We go regularly for our meets with our donor... Malmaison in the Mailbox is nice and you can get really good deals on their website! x


----------



## lesbo_mum (Dec 22, 2008)

is it this one?

http://www.malmaison-birmingham.com/

/links


----------



## lucky2010 (Jan 10, 2006)

yep x x x


----------



## lesbo_mum (Dec 22, 2008)

looks lovely thanks Rach!

Think i'll book it tonight.. Is it far from the shops?


----------



## lucky2010 (Jan 10, 2006)

there are some shops in The Mailbox itself but not many, Harvey Nichols, fat face etc. The main shopping bit is about 5-10mins walk away x


----------



## magsandemma (Oct 18, 2006)

Hi all

Pleased we are going to be able to make the meet too, we will drive up sunday morn and stay over sunday night I think, just been looking at travel lodge as they have emailed me with more special offers, can get a family room for the night in birmingham central plaza for £19!!  Not sure if its the best plan to stay so central but dont know the area at all so if anyone has any ideas would be nice to hear, looking forward to meeting everyone

Maggie, Emma and Lou


----------



## magsandemma (Oct 18, 2006)

Me again wanted to enquire if had any times in mind for meet up?


----------



## lmb15 (Jun 12, 2009)

Hi everyone,
We can do any time on that day, as only live 45 minute drive away. Really looking forward to meeting up. 
Lisa x


----------



## lesbo_mum (Dec 22, 2008)

Mags £19 bargin we might stay there instead then! We're thinking of staying on sat night and comingt back after the meet on sunday


----------



## magsandemma (Oct 18, 2006)

Lol yeah we gonna stay over sunday night as em is working sat til11pm, as its on a complex with restaurants and stuff below it might not be the quietest but its only for one night and cant grumble at that price, I booked a family room and breakfast for £32!!


----------



## pem (Jan 10, 2007)

Phew....much cheapness, really looking forward to seeing you all ..............


----------



## snagglepat (Sep 13, 2004)

OK folks,

There are two Whacky Warehouse type places that I think could work well for our meet. There's usual pub and food facilities for everyone and soft play for the youngsters.

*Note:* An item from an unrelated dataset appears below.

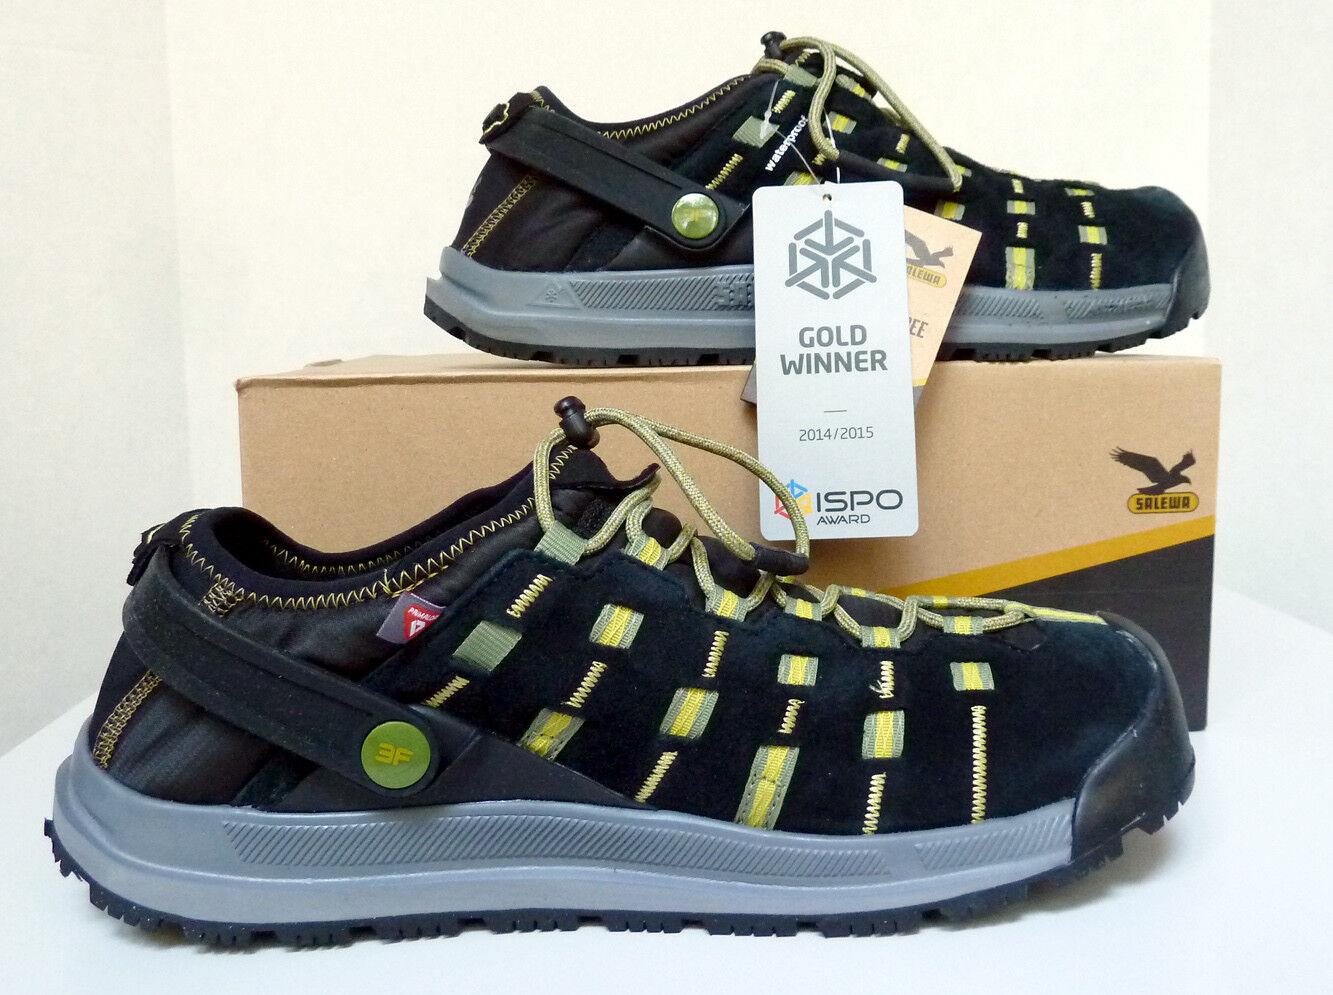 New Men`s Salewa Capsico PrimaLoft shoes Insulated 63406 0901 MSRP MSRP MSRP 120 e9765b

The first one I know quite well as I used to go there when we lived there. I can vouch for it being a pretty bog-standard pub with a soft play area that certainly used to be well maintained, if well used. It's here: http://www.pub-explorer.com/wmids/pub/oldhouseathome.htm

It would be the easiest of the two to get to for those coming from the city centre, but it's on the other side of Birmingham to the M6 so would involve a trip down the M5 or along the M42 for those coming from further east/south.

The other option I've never been to but is part of the same chain: http://www.pub-explorer.com/wmids/pub/fortjester.htm

It's just off the M6, so probably a better location for most people, still accessible for those coming from the centre, just a bit further out but I can't personally say if its any good or not.

Any preferences? My instinct is to go for the Fort Jester based purely on its location. Anyone care to disagree?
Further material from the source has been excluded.